Once again, in a poor, dirt, Satan-worshipping, illiterate rice community, I ran into Jesus all over the place and came home awed and touched...not by a young man's inability to read 10 words, but by a people's ability to show His love, despite all the circumstances that would suggest otherwise.

What am I doing with all the gifts He has given me?  What am I laying down, giving up, forking over to make sure His love, His way, is obvious to everyone around me?  And with what attitude?
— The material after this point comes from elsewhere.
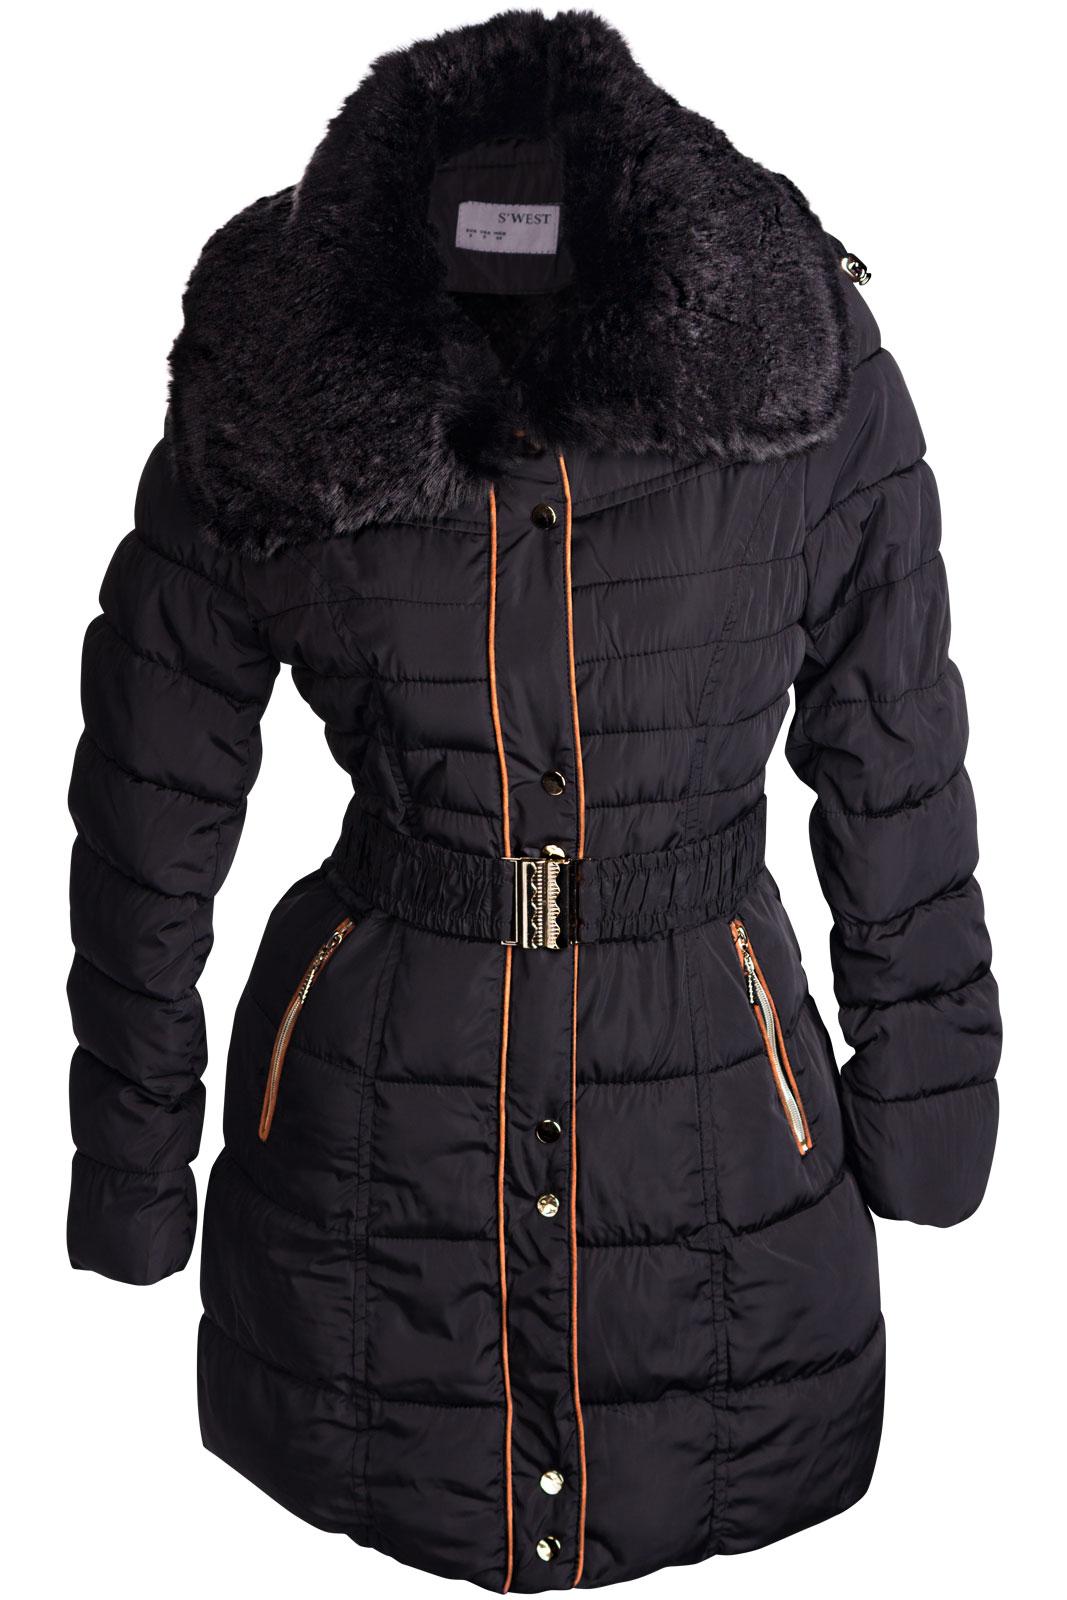 neu damen winter mantel stepp jacke parka lang fell kapuze. Black Bedroom Furniture Sets. Home Design Ideas

Will I ever stop learning from a people who cannot read?  May it never be.

1 comment:

  1. God Bless Stacy I could not agree more. Many times Ive been offered the only chair in the house. or had things I was carrying taken. God is all around us Here in Haiti and I think continued prayer and compassion by example will continue to spread! Praise God! My name is Rod Akin Ive been following your blog for some time now. I work for Samaritans Purse down at Jax Beach west of Leogane. I have a daughter about thesame age as Lily and hope her and my wife will be able to join me soon. Keep up the great work and may God Bless you and yours.